Marcello Conviti, Chief Executive Officer of CARMAT, adds: “These interim results are a vindication of our development efforts, and give us reason to be confident regarding the pursuance of our trials on a broader patient population in order to ascertain in a statistically significant manner the advantages of the CARMAT artificial heart in the treatment of end-stage heart failure.”
About CARMAT: the world’s most advanced total artificial heart project
A credible response to end-stage heart failure: CARMAT aims to eventually provide a response to a major public health issue associated with heart disease, the world’s leading cause of death: chronic and acute heart failure. By pursuing the development of its total artificial heart, CARMAT intends to overcome the well-known shortfall in heart transplants for the tens of thousands of people suffering from irreversible end-stage heart failure, the most seriously affected of the 20 million patients with this progressive disease in Europe and the United States.
The result of combining two types of unique expertise: the medical expertise of Professor Carpentier, known throughout the world for inventing Carpentier-Edwards® heart valves, which are the most used in the world, and the technological expertise of Airbus Group, world aerospace leader.

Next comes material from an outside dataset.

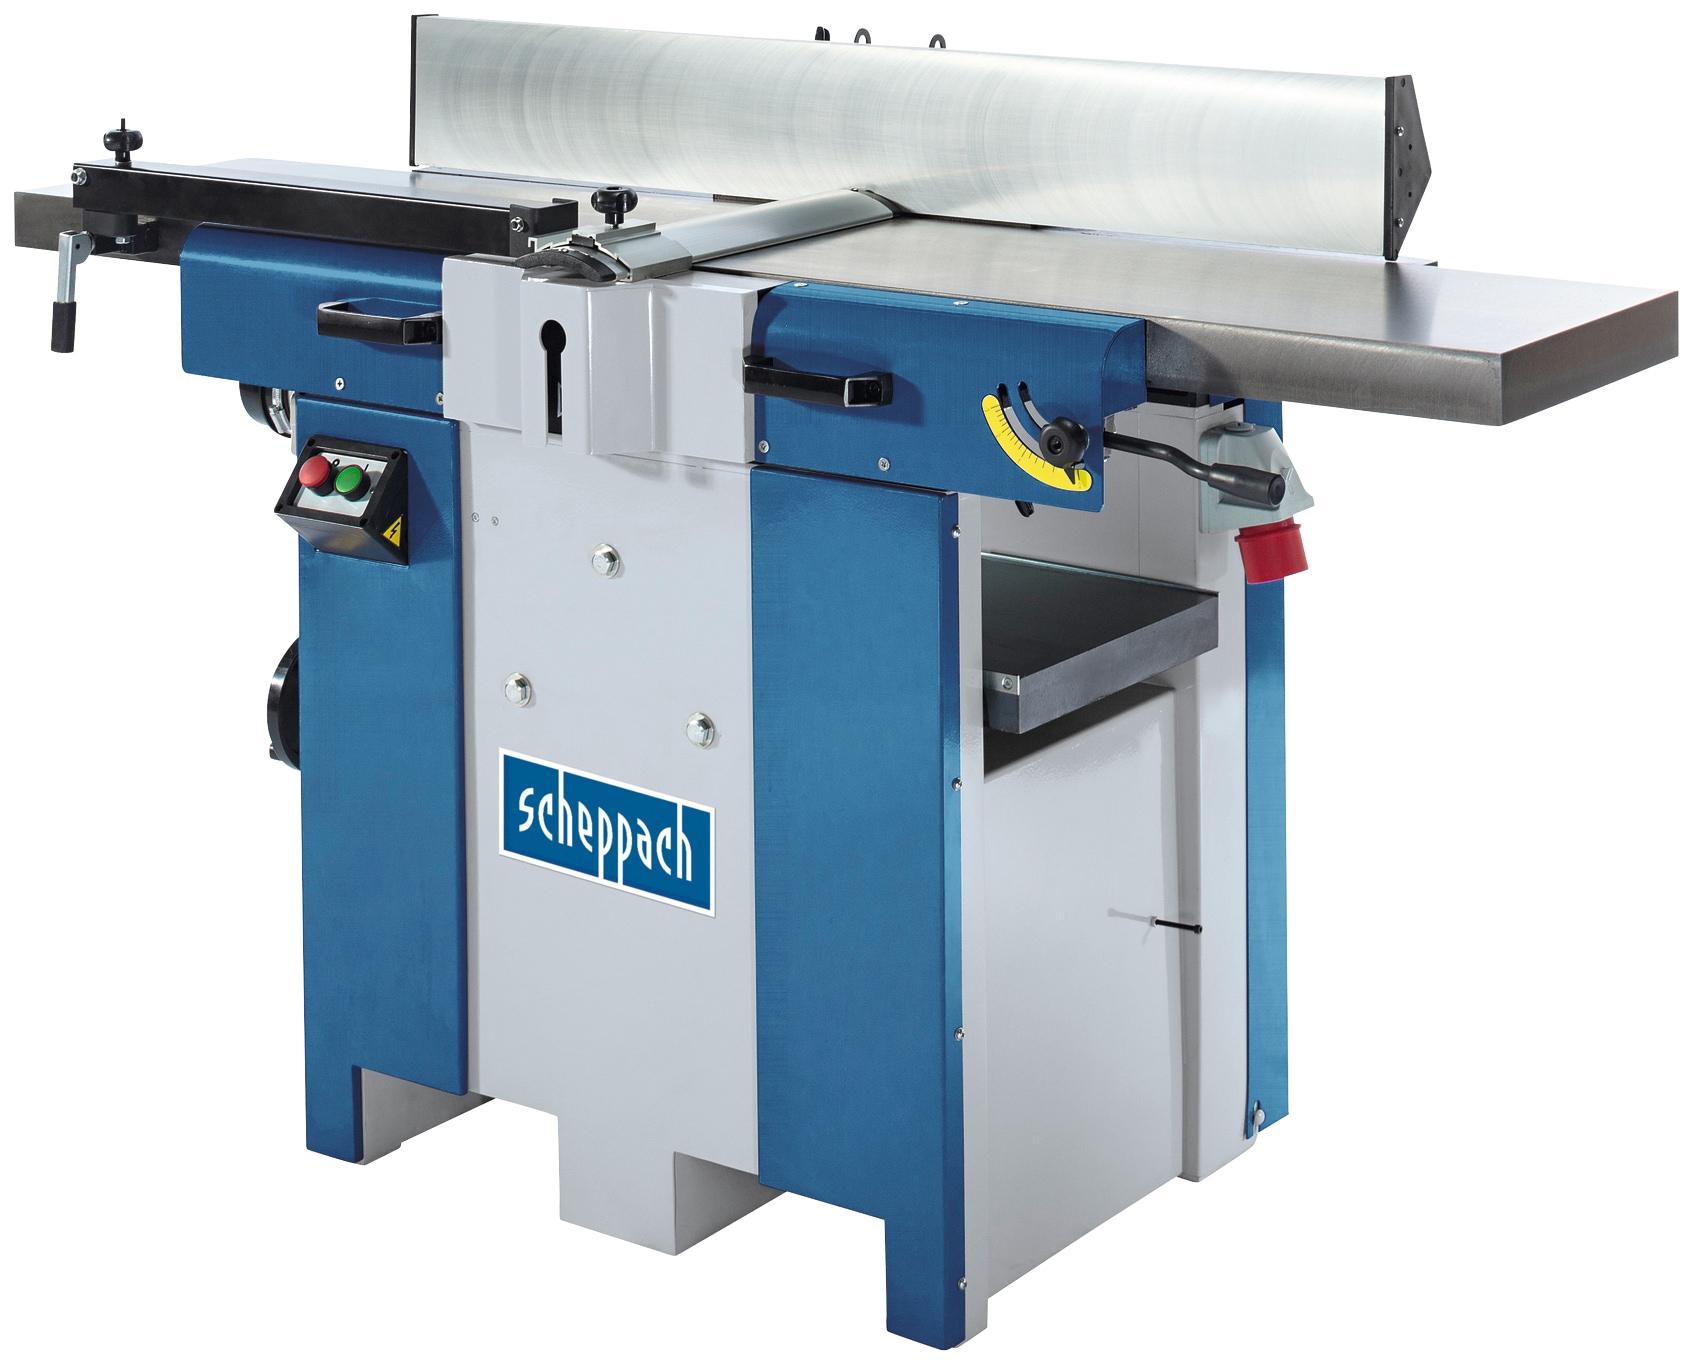 SCHEPPACH Hobel »Plana 4.1c«, 400V 50Hz 2500W - 310mm   Baumarkt > Werkzeug > Hobel und Tacker   Blau   SCHEPPACH

Imitating the natural heart: given its size, the choice of structural materials and its innovative physiological functions, CARMAT’s total artificial heart could, assuming the necessary clinical trials are successful, potentially benefit the lives of thousands of patients a year with no risk of rejection and with a good quality of life.

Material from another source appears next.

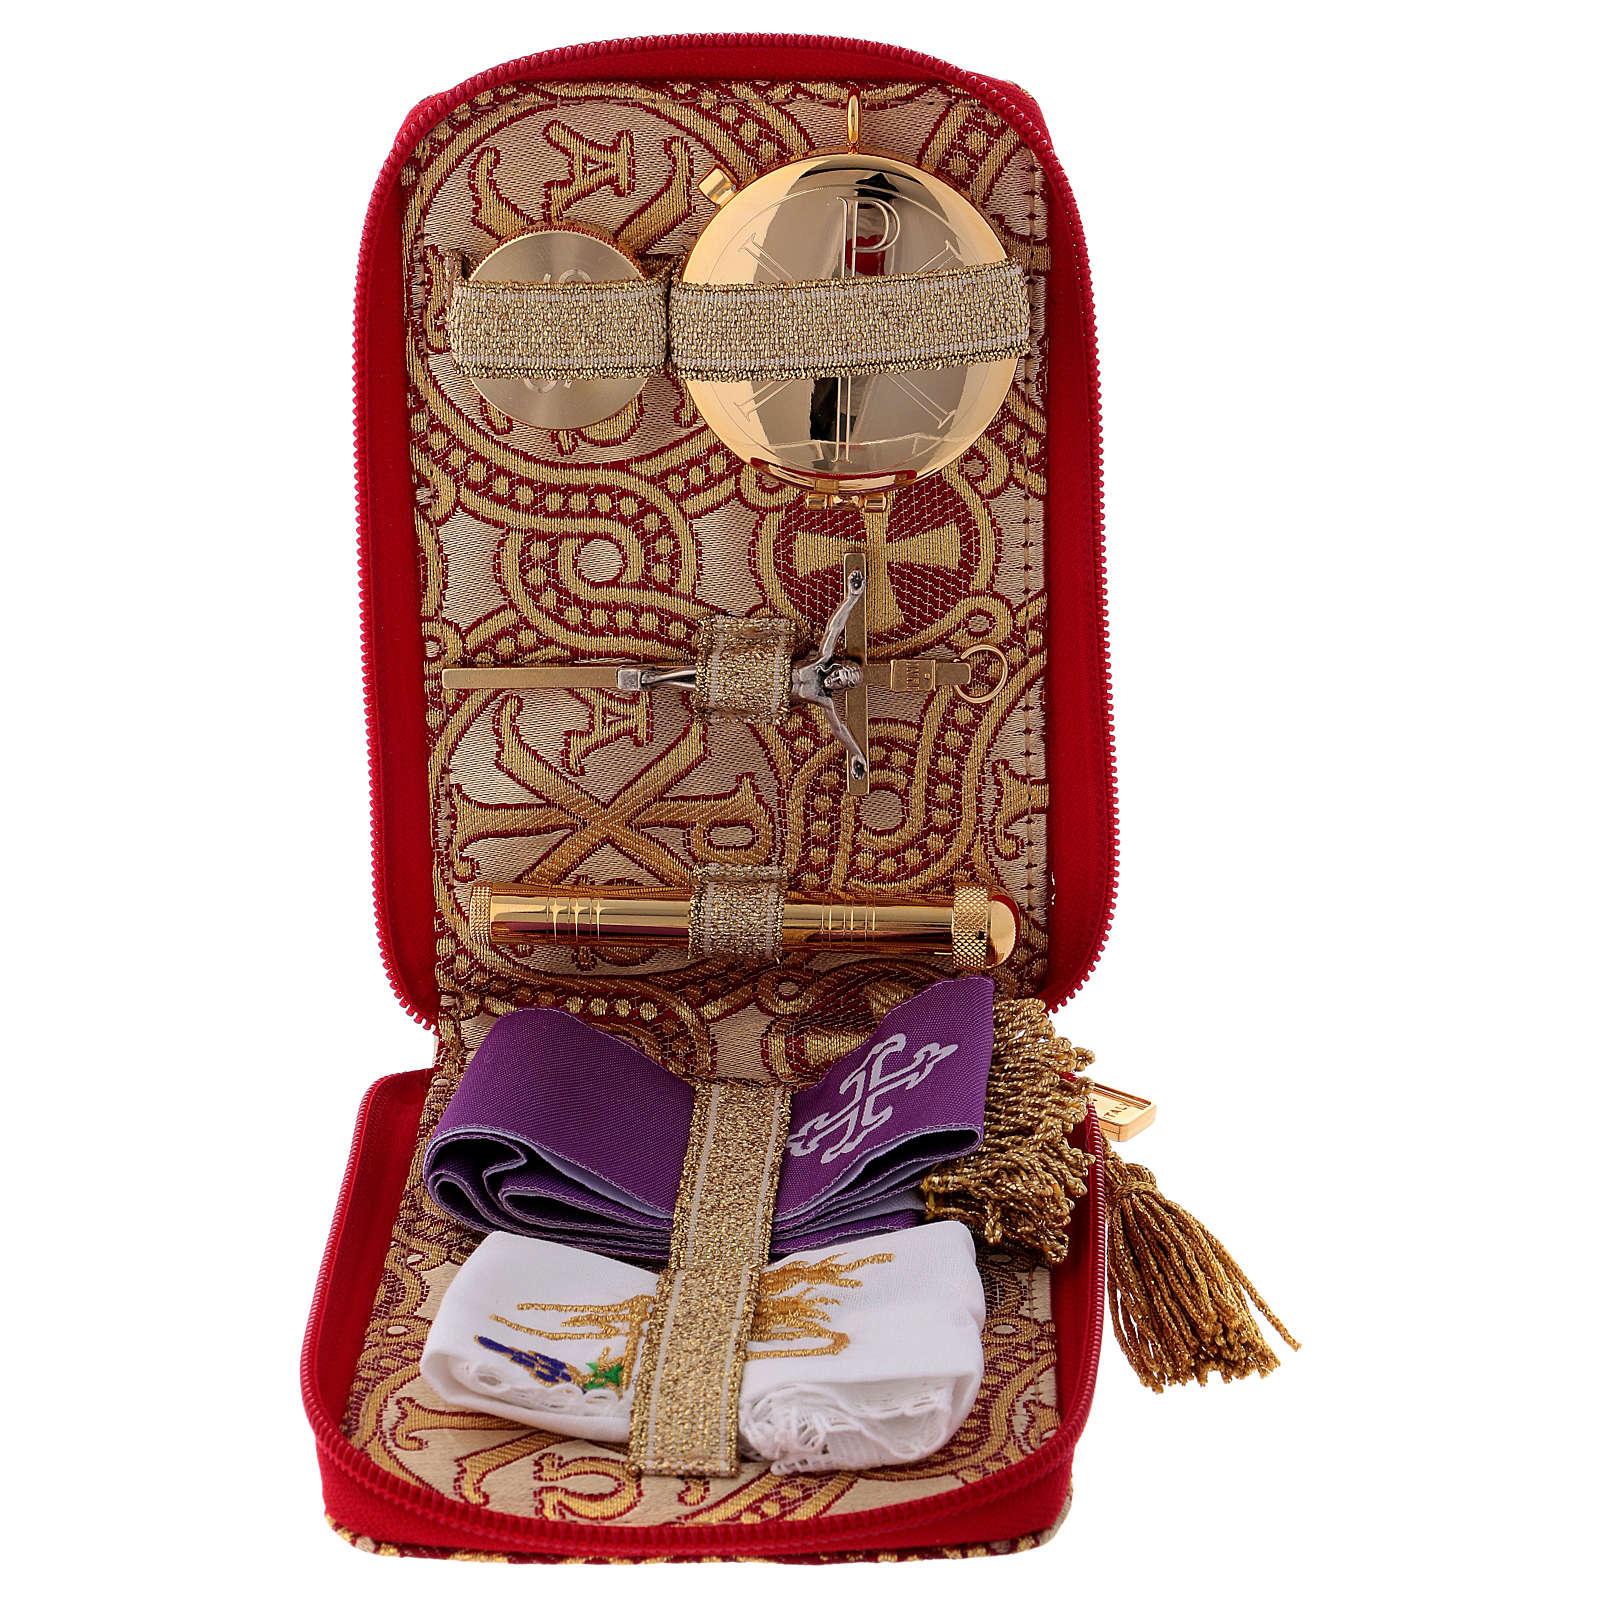 Étui valise-chapelle custode à hosties en brocart alpha et oméga 3

A project leader acknowledged at a European level: with the backing of the European Commission, CARMAT has been granted the largest subsidy ever given to an SME by Bpifrance; a total of €33 million.
Strongly committed, prestigious founders and shareholders: Airbus Group, Professor Alain Carpentier, the Centre Chirurgical Marie Lannelongue, Truffle Capital, a leading European venture capital firm, and the thousands of institutional and individual shareholders who have placed their trust in CARMAT.
For more information: www.carmatsa.com
This press release and the information contained herein do not constitute an offer to sell or subscribe to, or a solicitation of an offer to buy or subscribe to, shares in CARMAT ("the Company") in any country. This press release contains forward‐looking statements that relate to the Company’s objectives. Such forward‐looking statements are based solely on the current expectations and assumptions of the Company’s management and involve risk and uncertainties. Potential risks and uncertainties include, without limitation, whether the Company will be successful in implementing its strategies, whether there will be continued growth in the relevant market and demand for the Company’s products, new products or technological developments introduced by competitors, and risks associated with managing growth. The Company’s objectives as mentioned in this press release may not be achieved for any of these reasons or due to other risks and uncertainties.
No guarantee can be given as to any of the events anticipated by the forward-looking statements, which are subject to inherent risks, including those described in the Document de Référence filed with the Autorité des Marchés Financiers under number D.15-0138 on March 16, 2015, changes in economic conditions, the financial markets or the markets in which CARMAT operates. In particular, no guarantee can be given concerning the Company’s ability to finalize the development, validation and industrialization of the prosthesis and the equipment required for its use, to manufacture the prostheses, satisfy the requirements of the ANSM, enroll patients, obtain satisfactory clinical results, perform the clinical trials and tests required for CE marking and to obtain the CE mark. CARMAT products are currently exclusively used within the framework of clinical trials.